:: Data under study ::
■ ■ ■ ■ ■ ■ ■

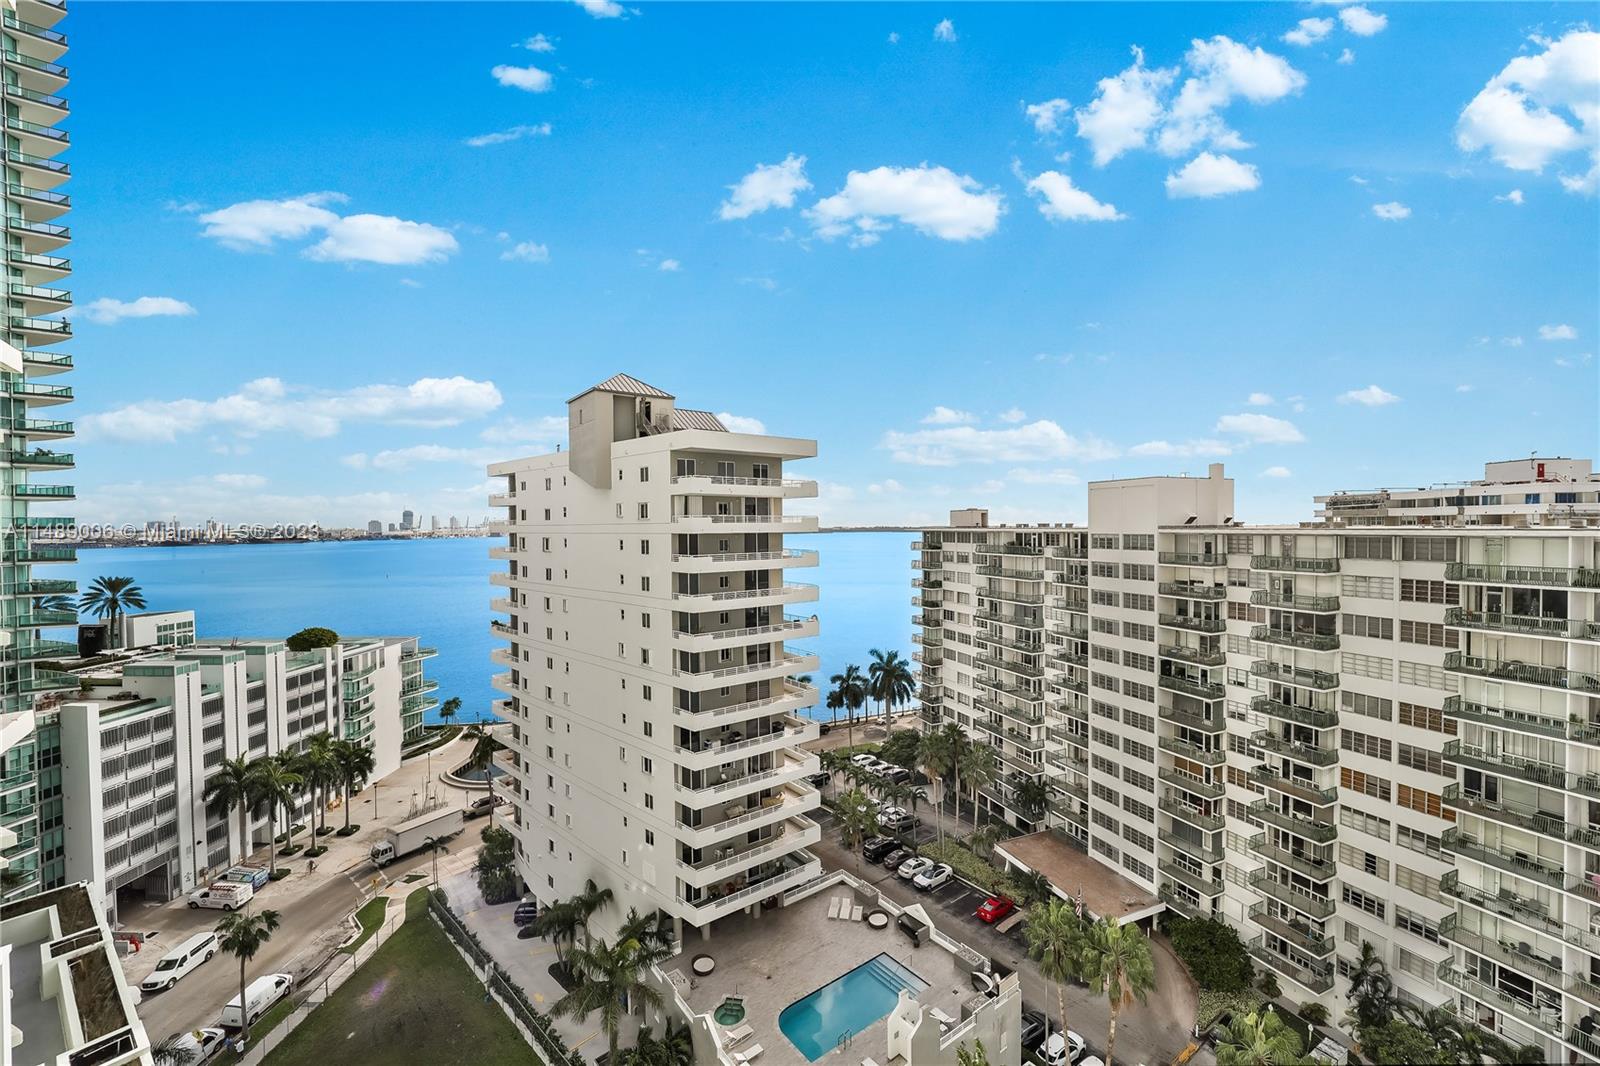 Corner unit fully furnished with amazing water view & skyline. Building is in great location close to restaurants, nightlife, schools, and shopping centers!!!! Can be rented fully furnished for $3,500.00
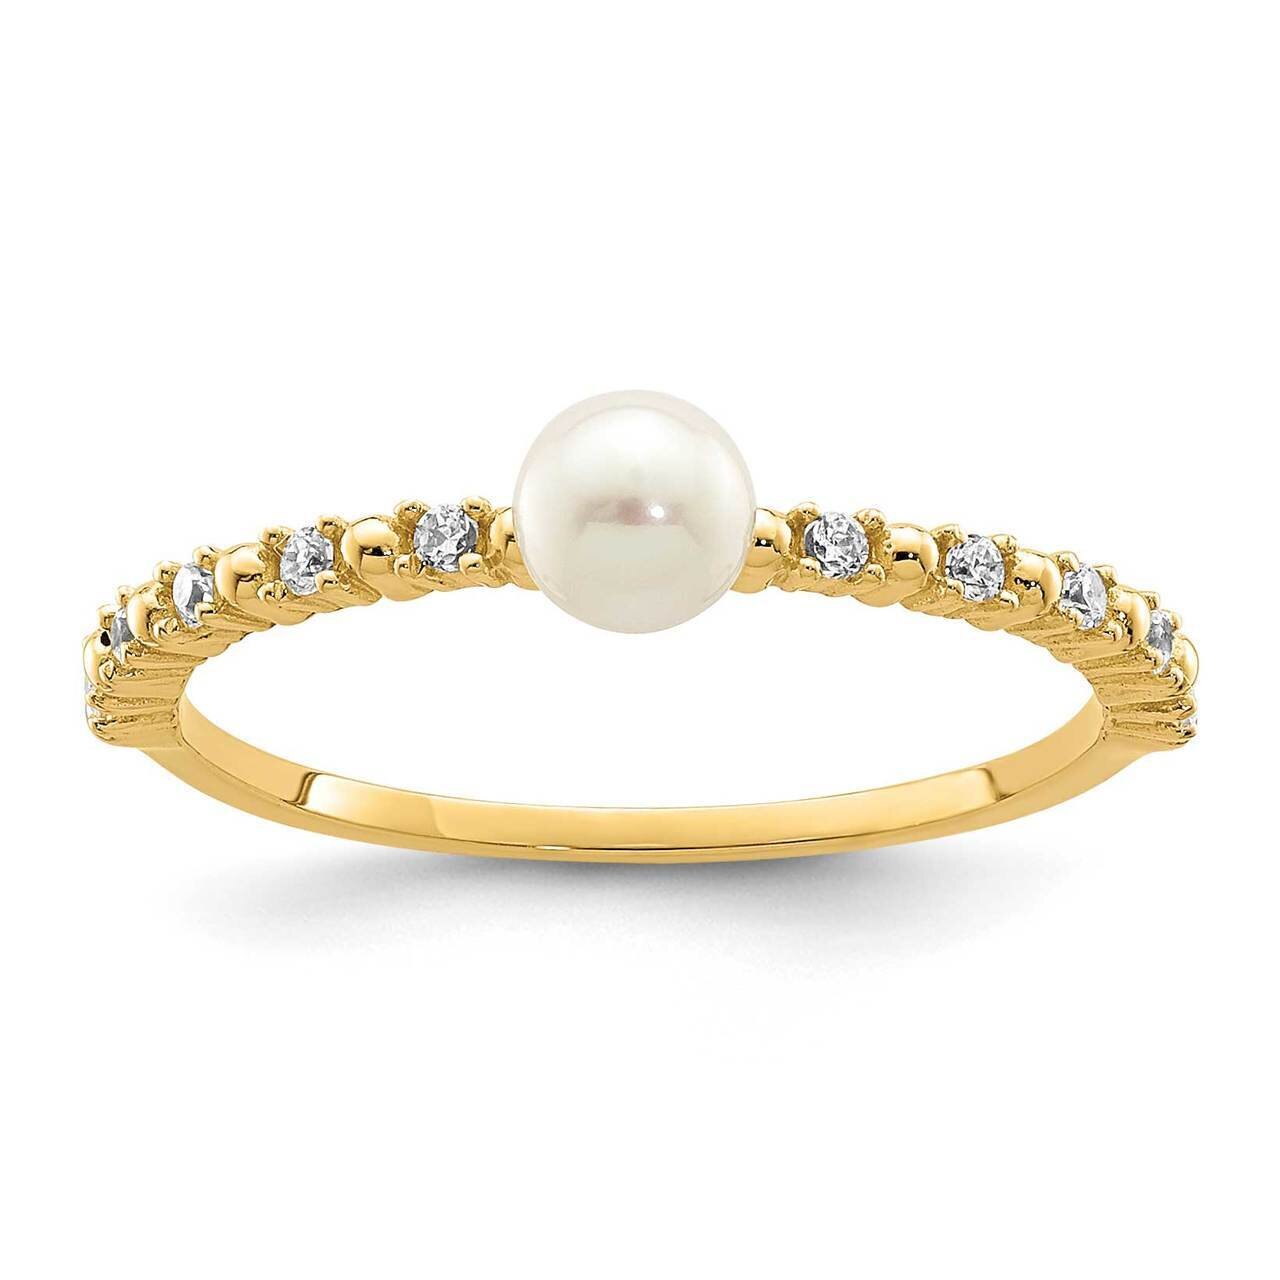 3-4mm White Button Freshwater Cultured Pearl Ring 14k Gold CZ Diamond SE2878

■ ■ ■ ■ ■ ■ ■

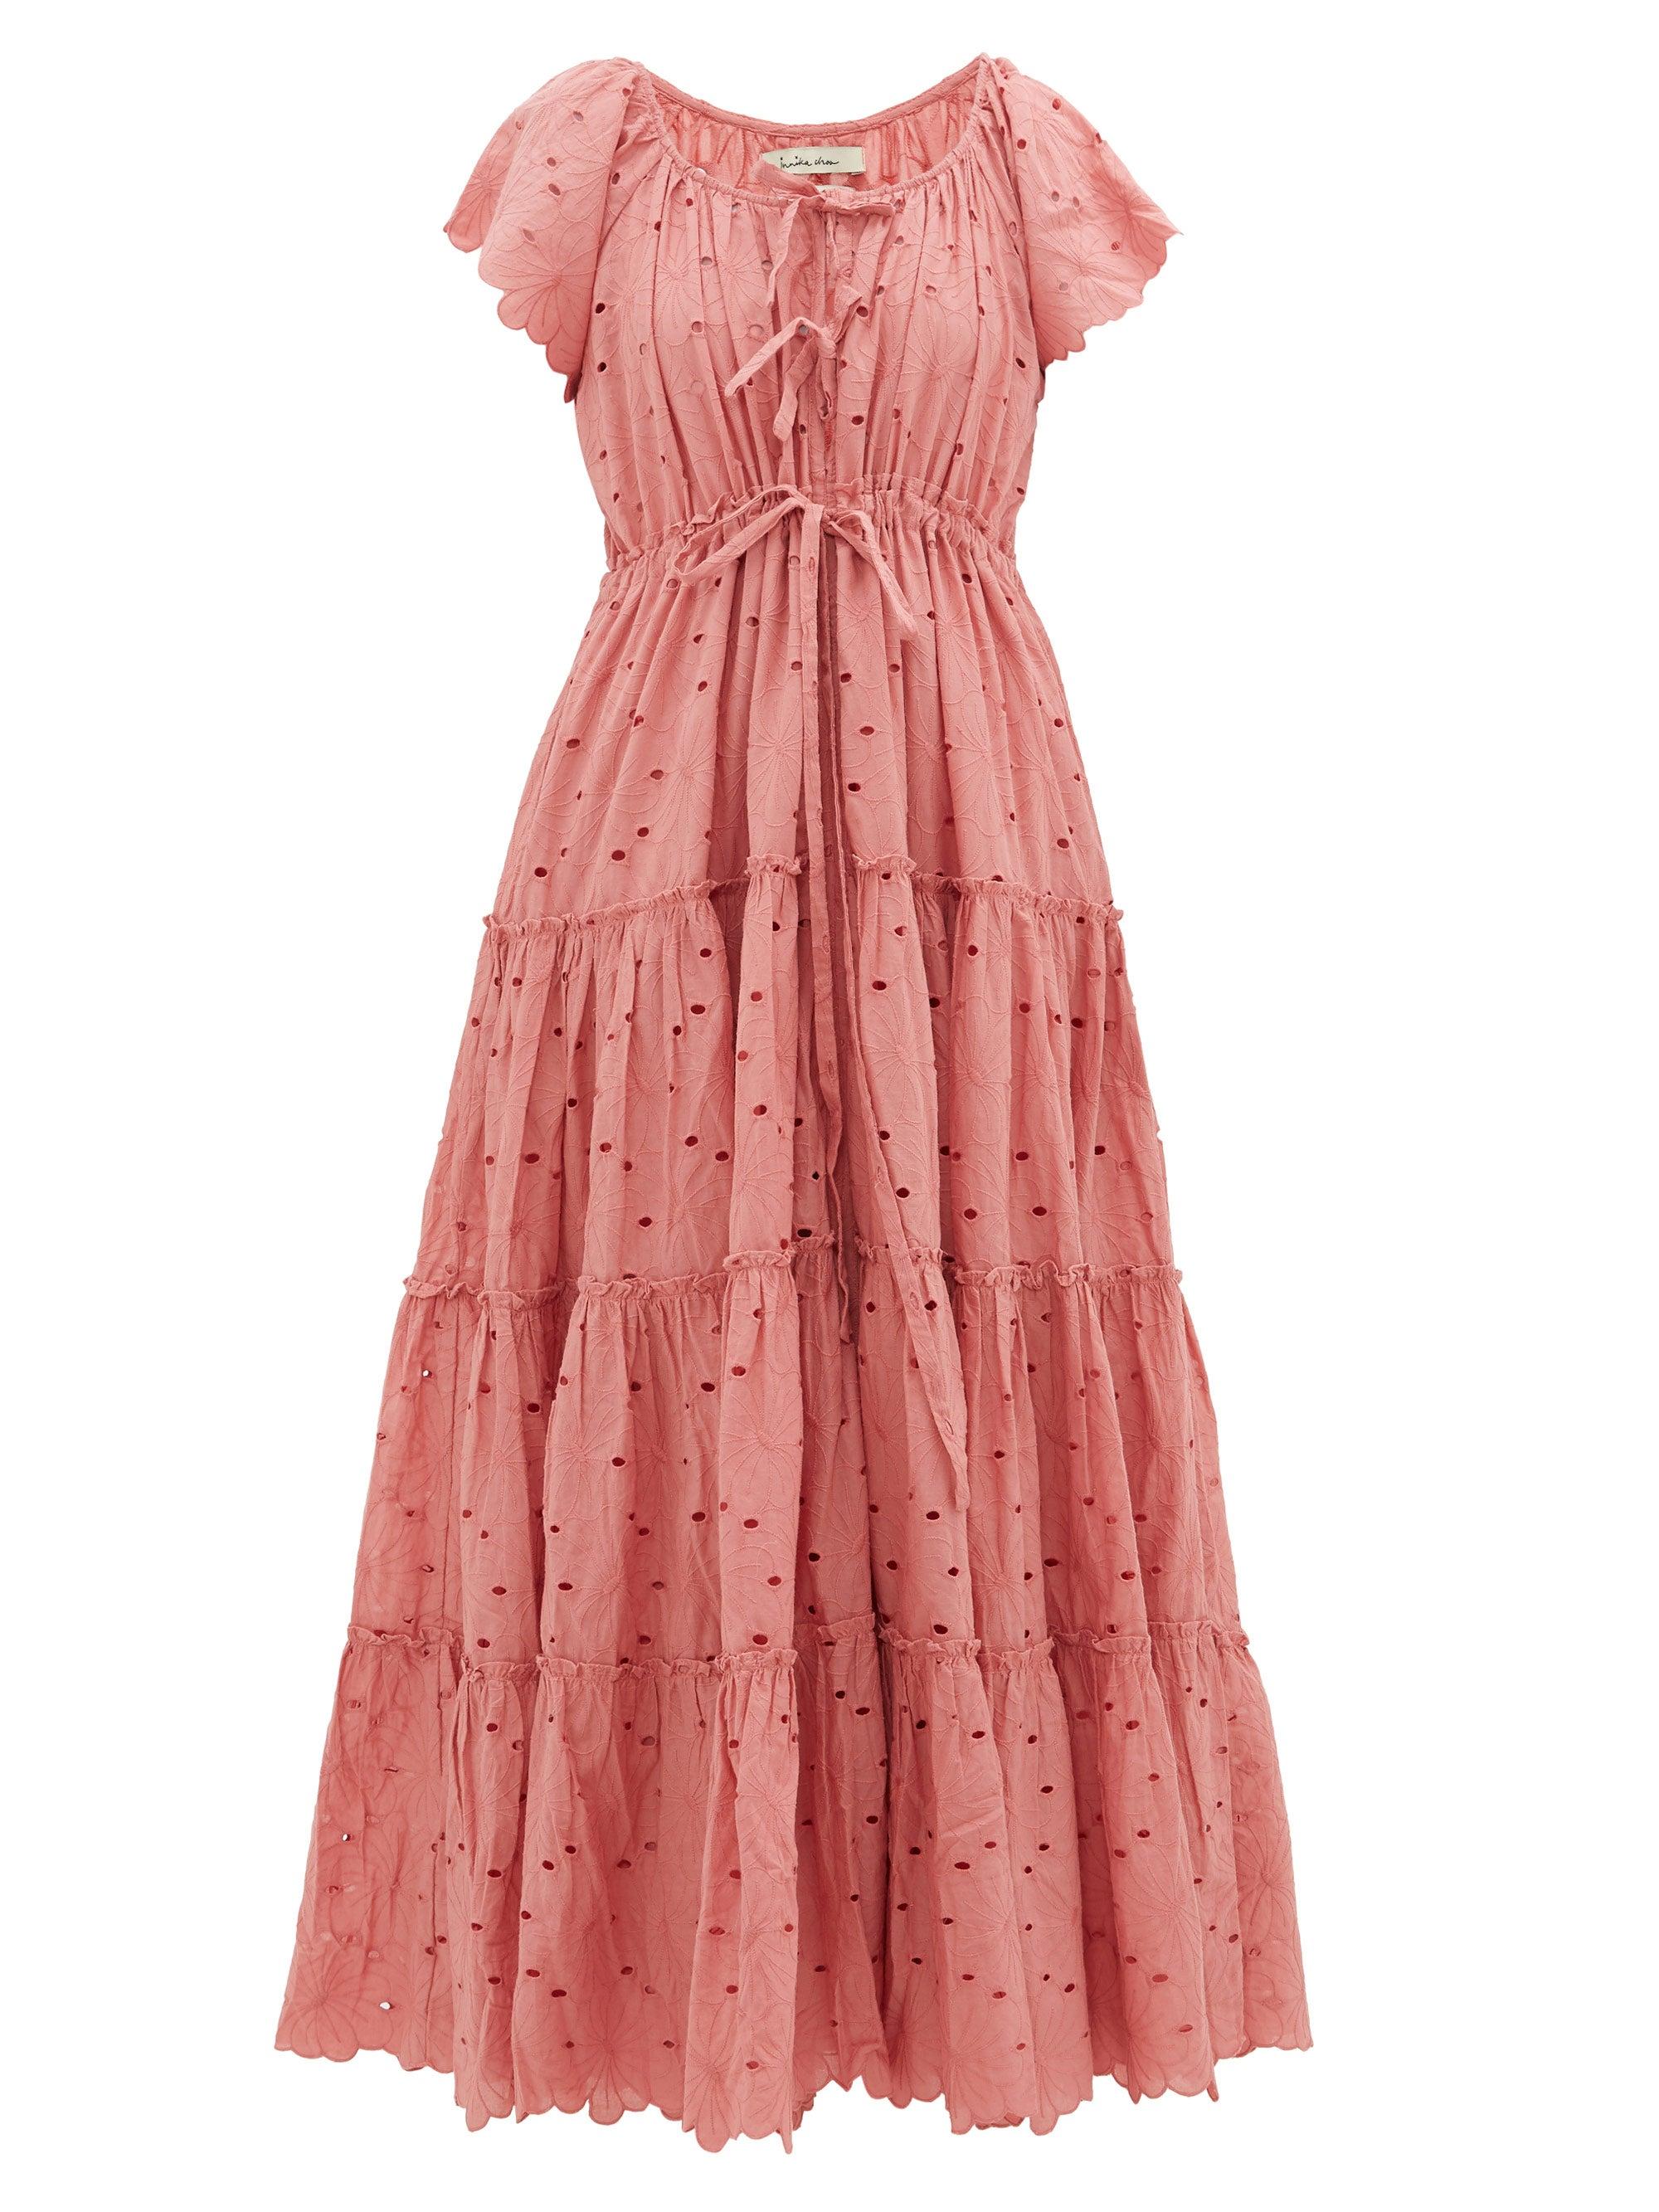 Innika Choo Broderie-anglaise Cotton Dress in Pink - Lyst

■ ■ ■ ■ ■ ■ ■

:: Work item ::
Using the entries above, write out exactly the lines from the one with "Corner unit fully" through the one with "3-4mm White Button", ends included. Leave out any pictures.

:: Exercise result ::
 Corner unit fully furnished with amazing water view & skyline. Building is in great location close to restaurants, nightlife, schools, and shopping centers!!!! Can be rented fully furnished for $3,500.00
 3-4mm White Button Freshwater Cultured Pearl Ring 14k Gold CZ Diamond SE2878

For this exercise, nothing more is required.